## Activity:
Only these lines of the data below are wanted: the one with "Motor Sport - F1", the one with "stara kopalnia julia", and any lines between them, each repeated exactly.

## Recorded information:
#####
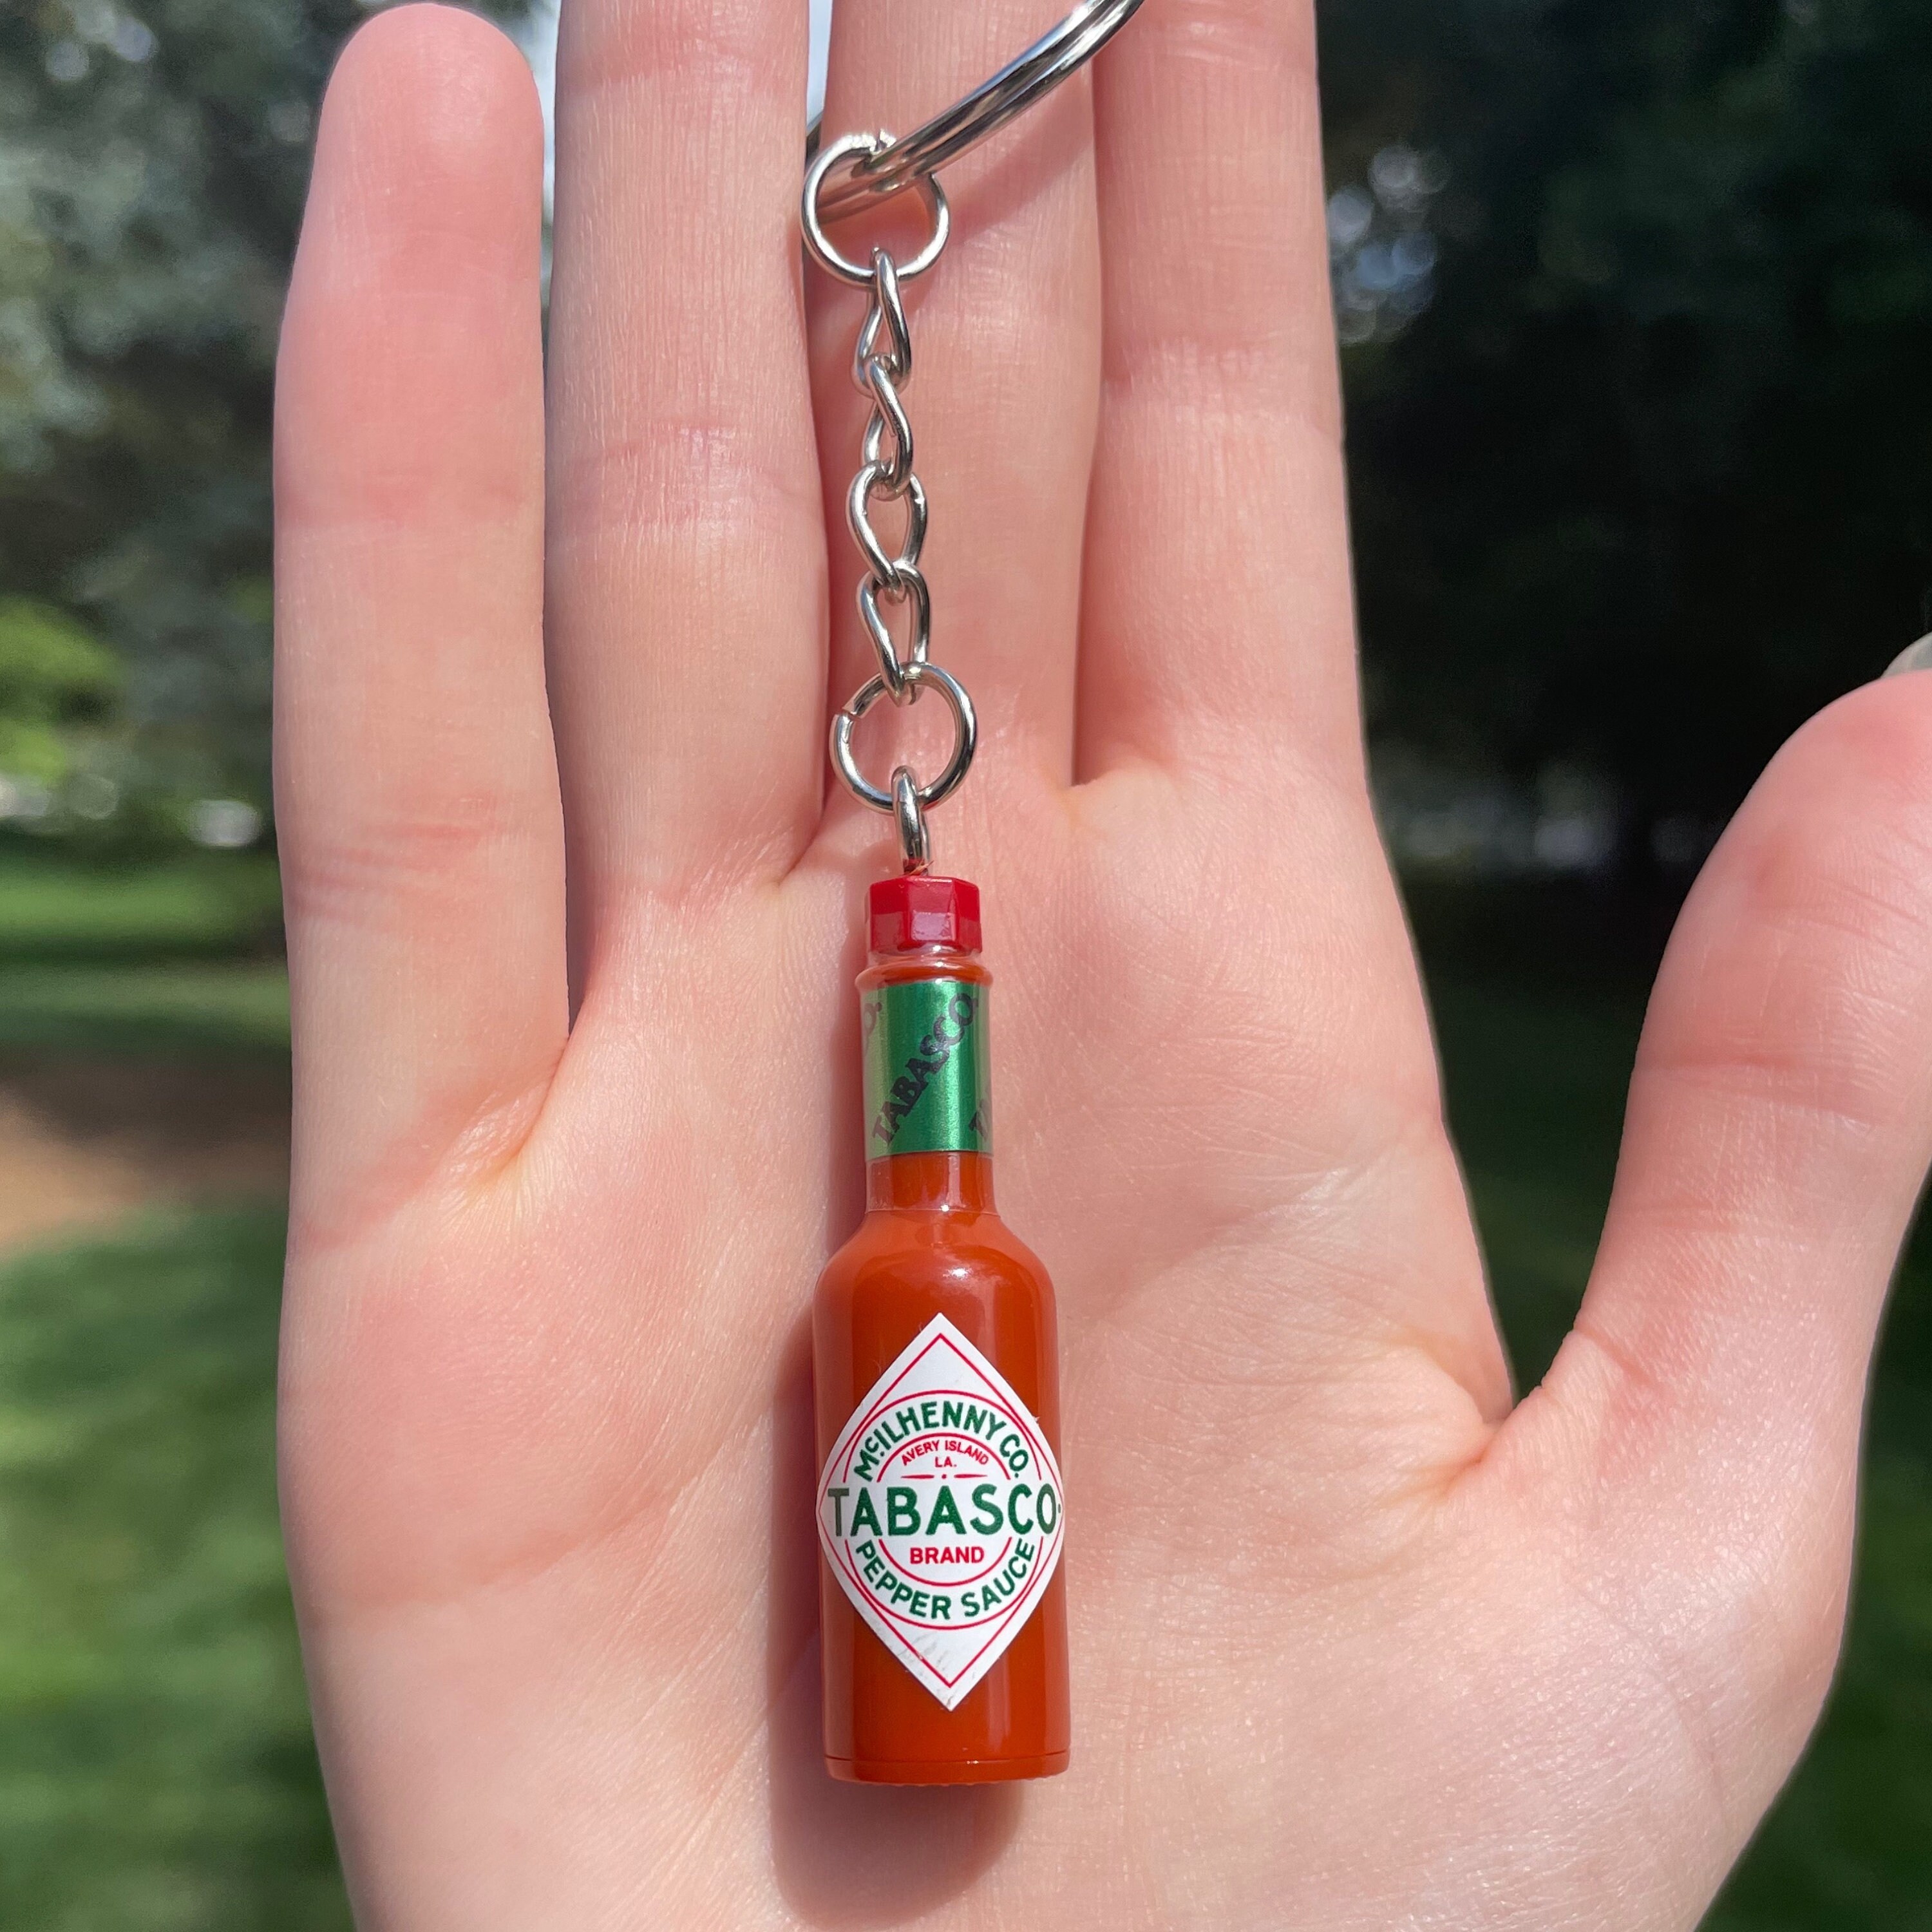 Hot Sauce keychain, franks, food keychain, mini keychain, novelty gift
#####
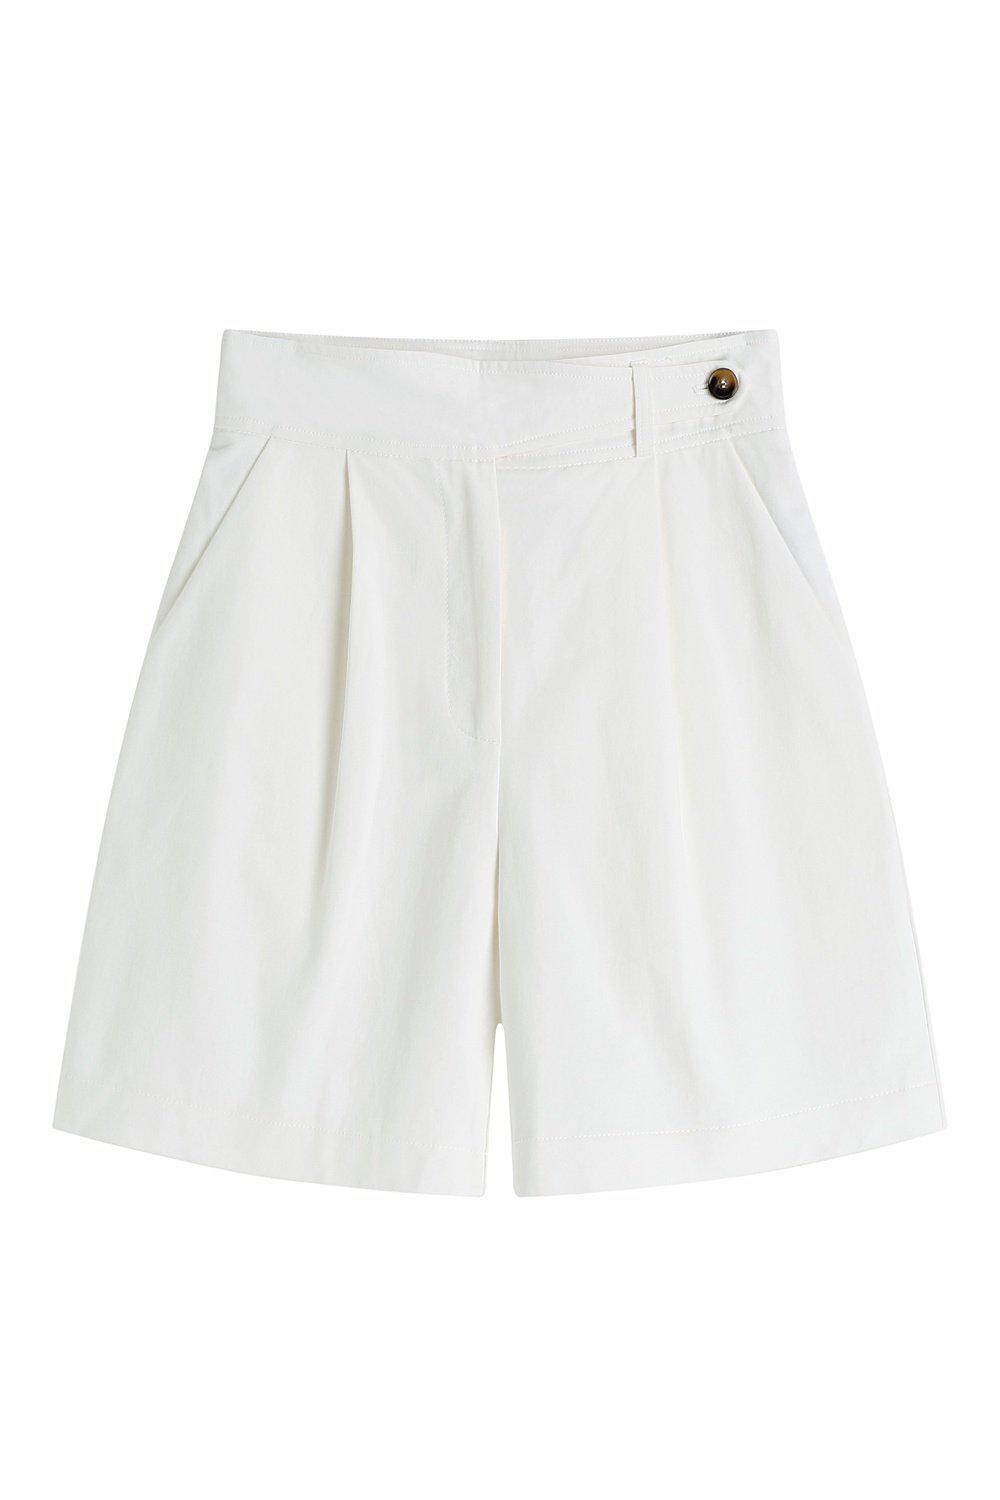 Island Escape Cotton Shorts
#####
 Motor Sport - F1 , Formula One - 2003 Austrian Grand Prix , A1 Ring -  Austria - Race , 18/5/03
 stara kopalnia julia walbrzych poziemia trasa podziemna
#####
## Task output:
 Motor Sport - F1 , Formula One - 2003 Austrian Grand Prix , A1 Ring -  Austria - Race , 18/5/03
 stara kopalnia julia walbrzych poziemia trasa podziemna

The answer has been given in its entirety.